Quando si tratta di optare tra due o più alternative, nel prendere una decisione possiamo utilizzare due differenti metodi: il giudizio per elezione o il giudizio per esclusione. Il primo criterio si concentra sui pregi, il secondo sui difetti. Succede quindi che, a seconda dell’approccio scelto e a parità di condizioni, si possa giungere a conclusioni diverse; perché “scartare non è l’immagine speculare, per così dire, il negativo, di scegliere” (Chi crediamo di essere? – M.Piattelli Palmarini).
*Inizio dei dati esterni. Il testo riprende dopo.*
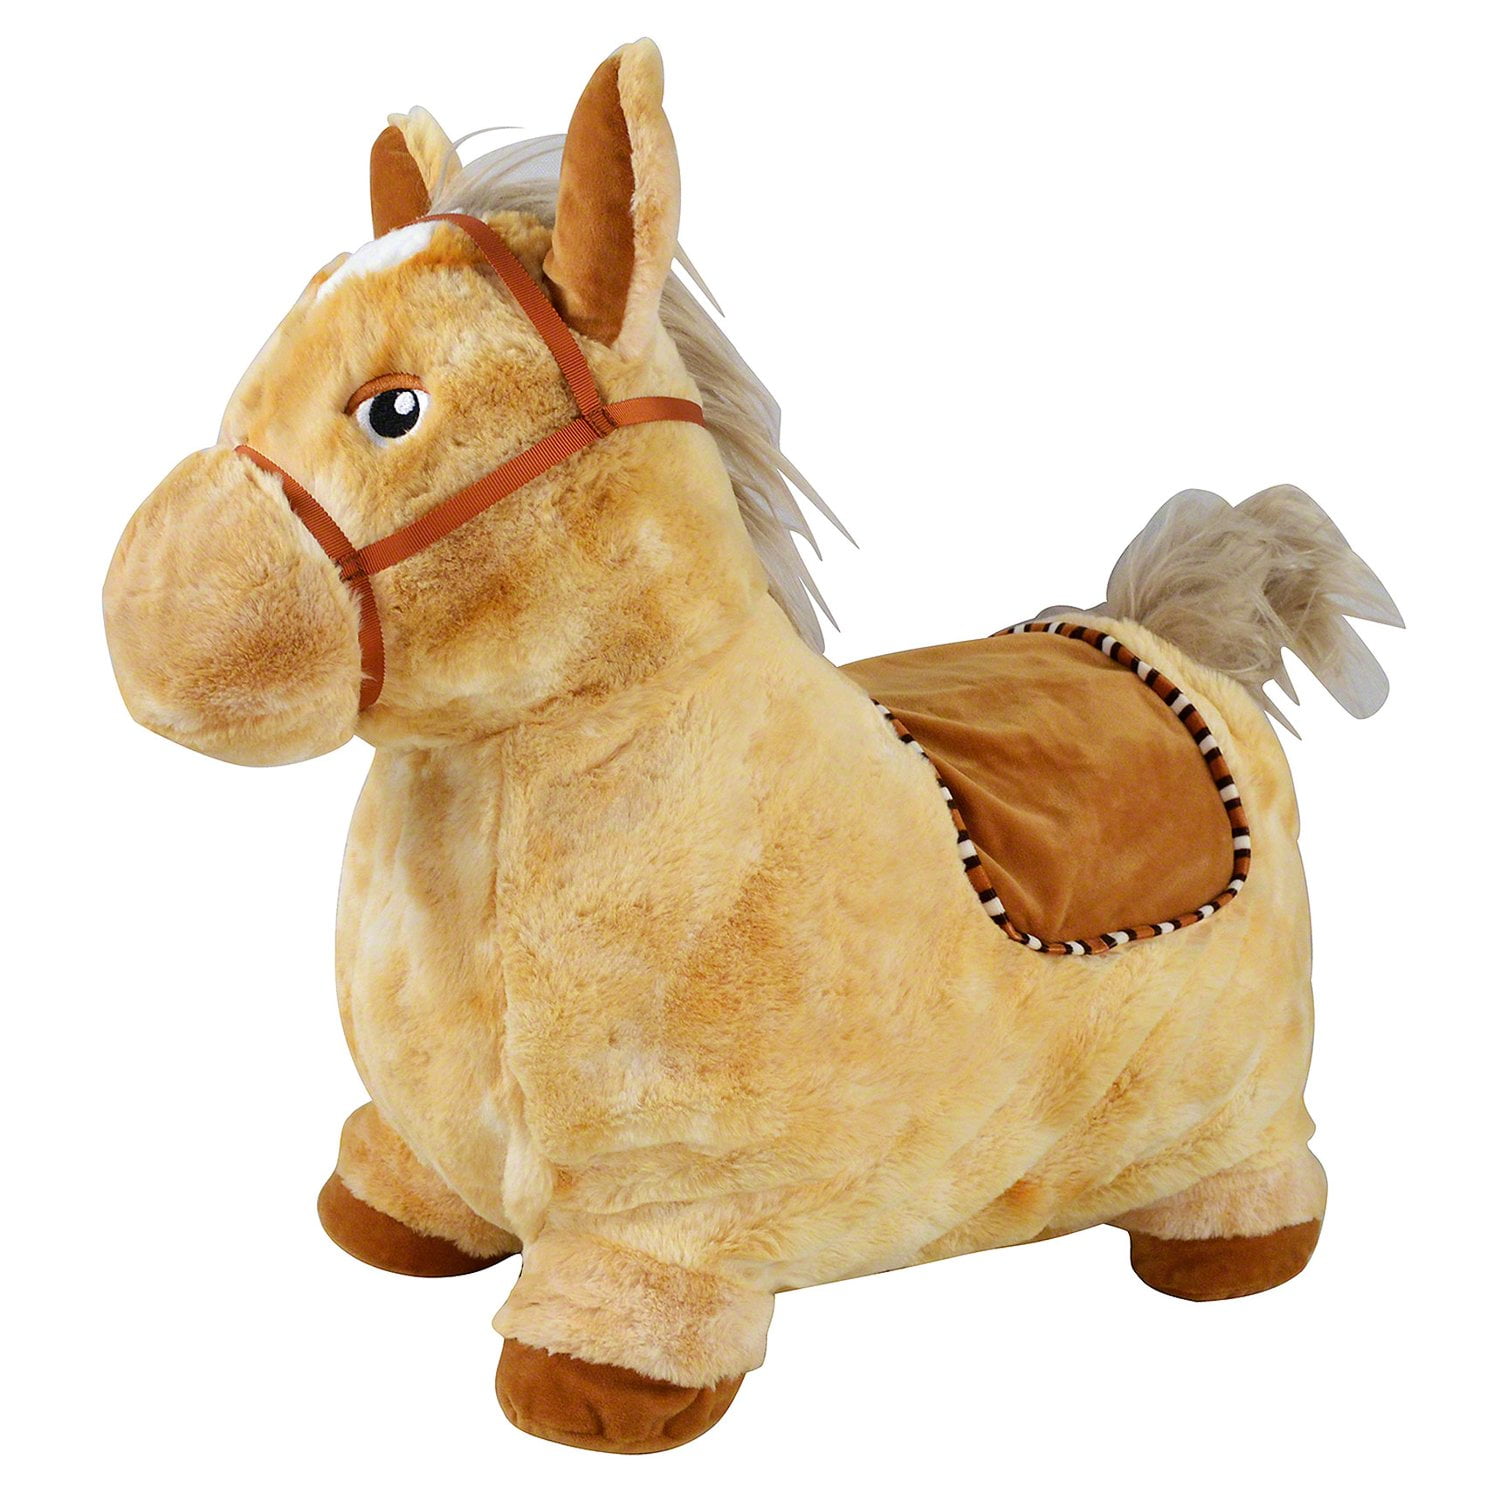 1 Yellow Giraffe Ride on Horse Bouncy Horse for Toddlers with Plush Cover and 1 Pump Hopping Animal Toy Gift for Kids 18 Months

Ma io intendo fare un passo indietro e domandare: cosa ci spinge ad adottare liberamente un approccio piuttosto che l’altro, cioè l’elezione piuttosto che l’esclusione (soprattutto se ciò avviene senza particolari tentennamenti)? Penso che le risposte possano essere due: o la presenza di un pregio talmente evidente e importante, per cui la contemporaneità di eventuali difetti diventa oggettivamente minoritaria (e viceversa); oppure l’influenza di un nostro pre-giudizio che ci spinge a ritenere un pregio decisamente più determinante di un difetto (o viceversa).

Date queste premesse, ognuno può a questo punto decidere se il caso di Eduardo Severin cade nella categoria della “ragionevole oggettività” o in quella dell'”influenza del pre-giudizio”.
Per me è la seconda che ho detto, perché credo che il libertario sia molto condizionato dall’affetto che prova per il proprio portafoglio (e dal senso di sicurezza personale che questi può dare, quando è bello gonfio).
Tuttavia, anche se ciò fosse dimostrato senza ombra di dubbio, non arriverei mai a proporre contromisure autoritarie per impedire al soggetto di realizzare il proprio sogno d’amore.